The landing craft lurched unsteadily as it touched down on the surface of Felucia, the landing gear settling uneasily into the loamy soil. Rather than head for the capital city of Kway Teow, Captain Faise had decided to land nearer the water stations of Jianzi, where the point squad should already be assembled, and where Intelligence sources had determined he ought to start his search. They had better be right, he thought moodily.

Faise disliked his current posting. The High Command no doubt had their reasons, but he felt he was significantly wasted out here in the Outer Rim, chasing pirates and smugglers when the galaxy was beginning to tear itself apart. Of course, official reports from Imperial Center would have the galactic population believe that law and order had never been stronger, but Faise had seen a significantly different picture a year ago, when terrorists had led an insurrection against the Emperor’s rule in Imperial City itself. The situation had not improved since then, with more and more reports of rebellion filtering throughout the Imperial Navy’s gossip channels.

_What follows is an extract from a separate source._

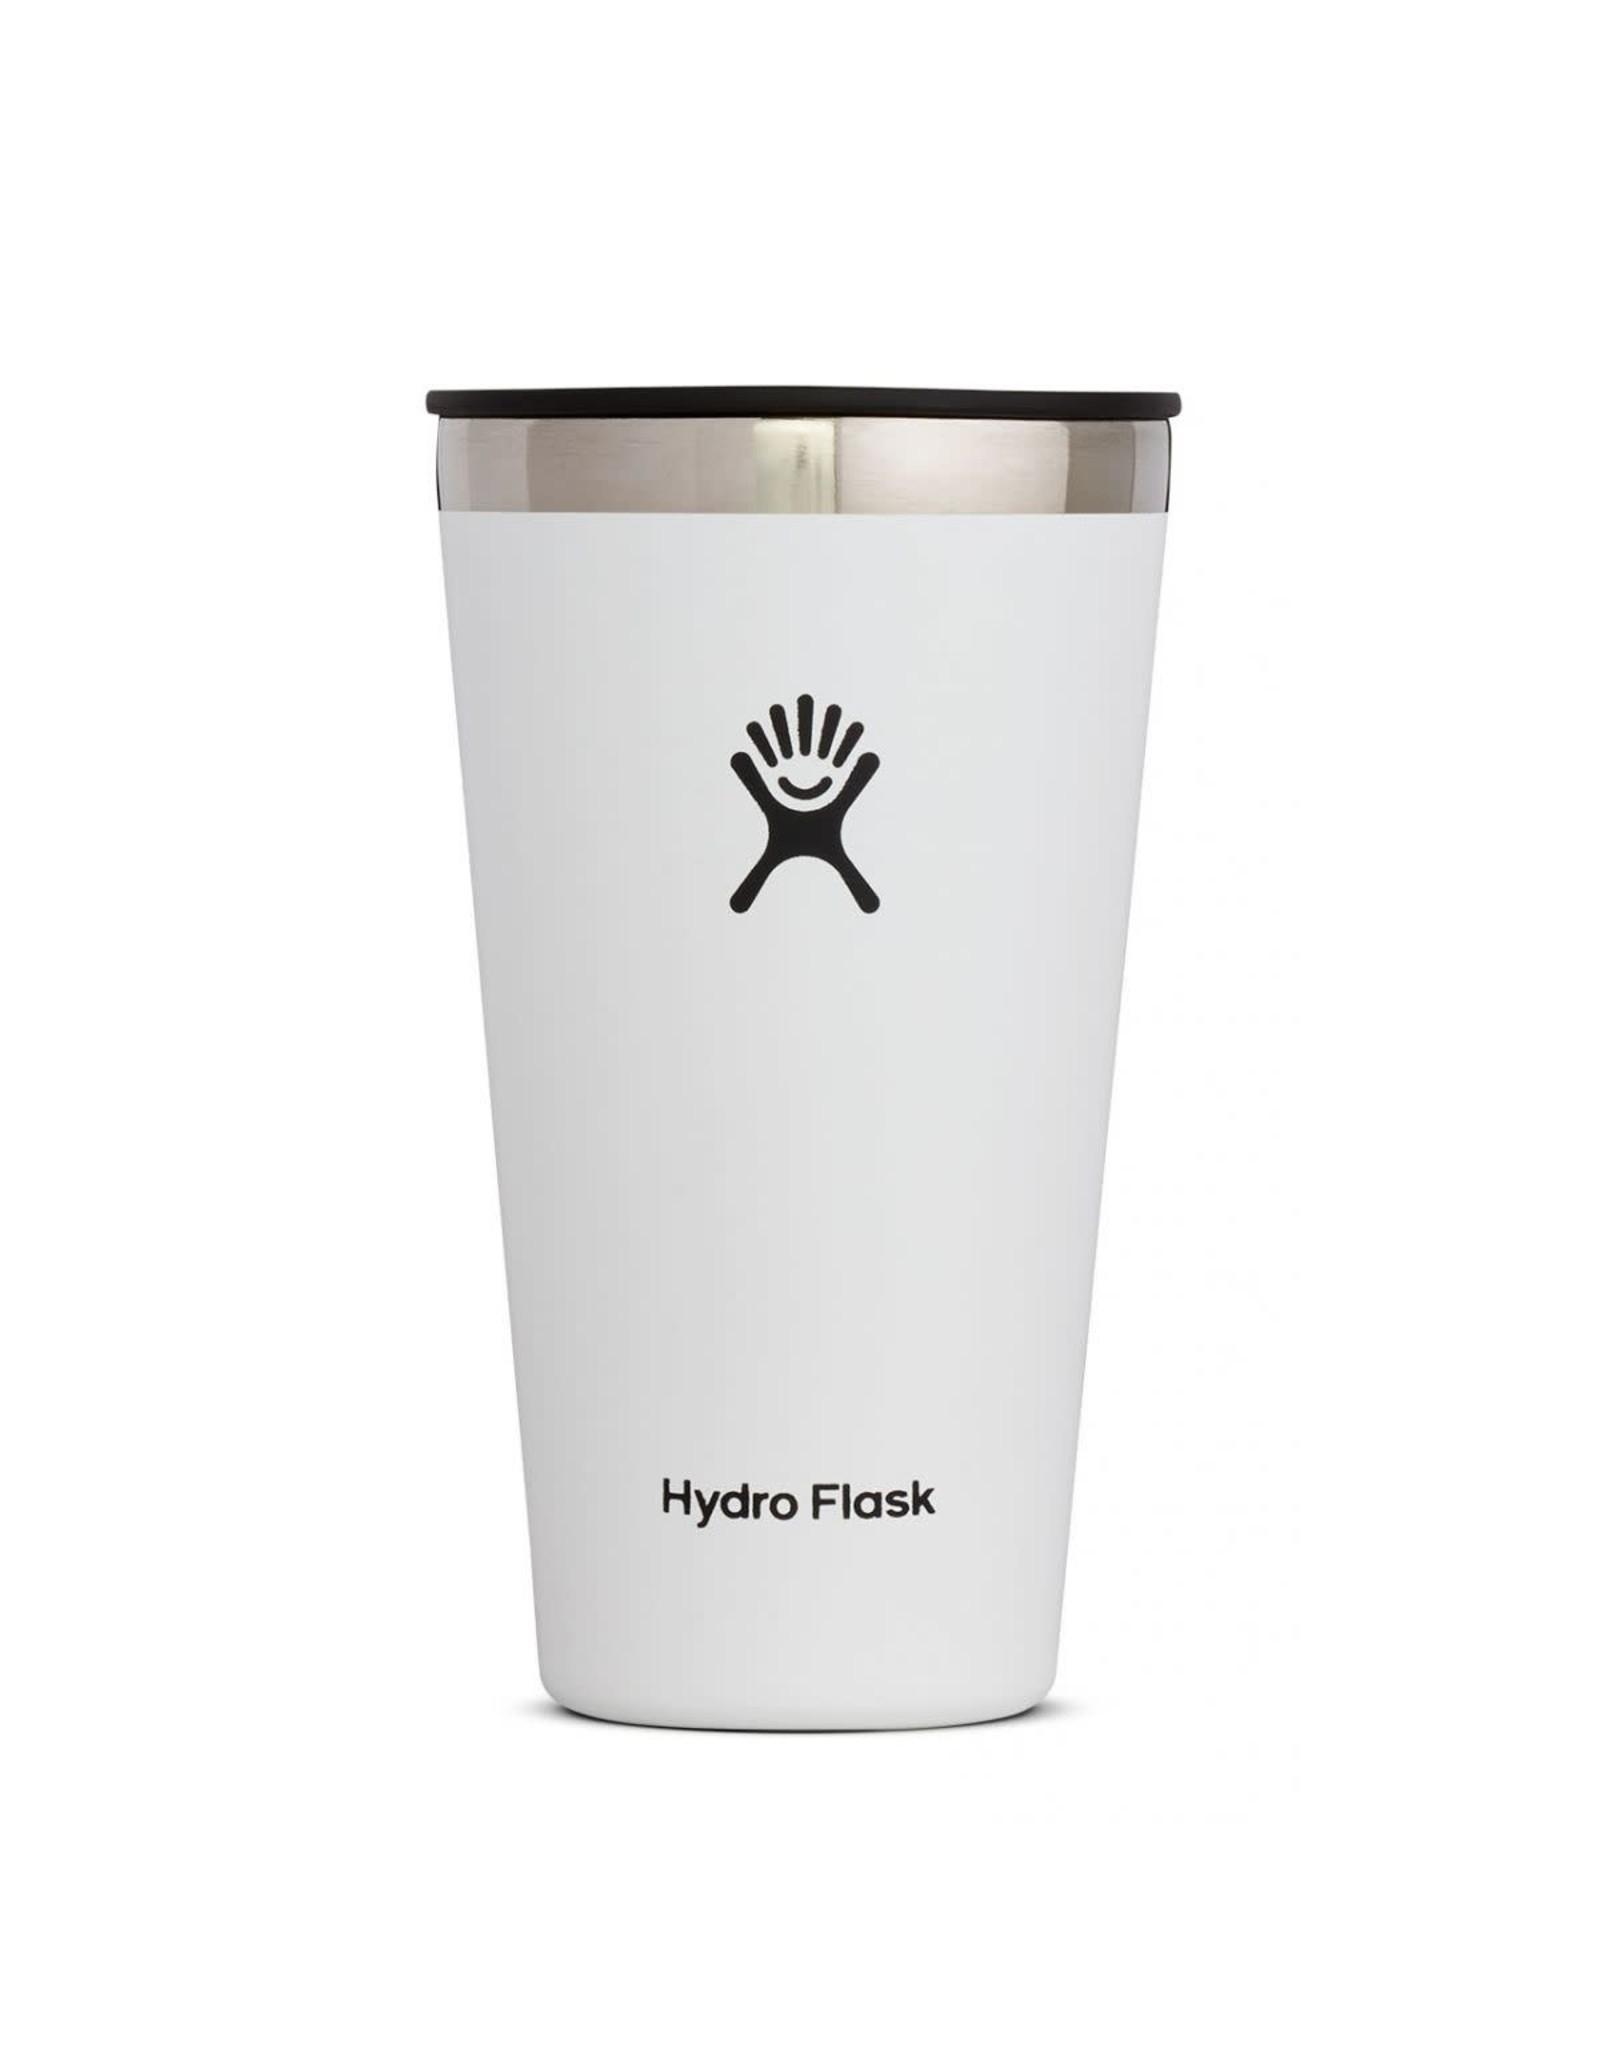 Hydro Flask Hydro Flask 16oz Tumbler White

I should be back in the thick of it, he grumbled to himself, as the landing craft gave another wobble when the hatch opened for the troops to disembark. These rebels can’t be allowed to get away with what they did…

The stormtrooper squad marched down the ramp and onto the planet’s surface, and the captain followed them into the warm, wet blanket of the planet’s atmosphere. Felucia was a jungle world like no other Faise had seen in his career. Huge fungus plants grew in all manner of shapes and colours, enormous pitchers opened up to the golden sky of the late afternoon, vast fronds of browns and silver-stemmed fern-like plants swayed in the gentle breeze, which carried the sweetly fetid scents of mould and decay. A clear path wove through this tropical forest, with steaming bogs to either side, shaded by yet more bizarre mushroom-like trees of deep purple and vivid lilac.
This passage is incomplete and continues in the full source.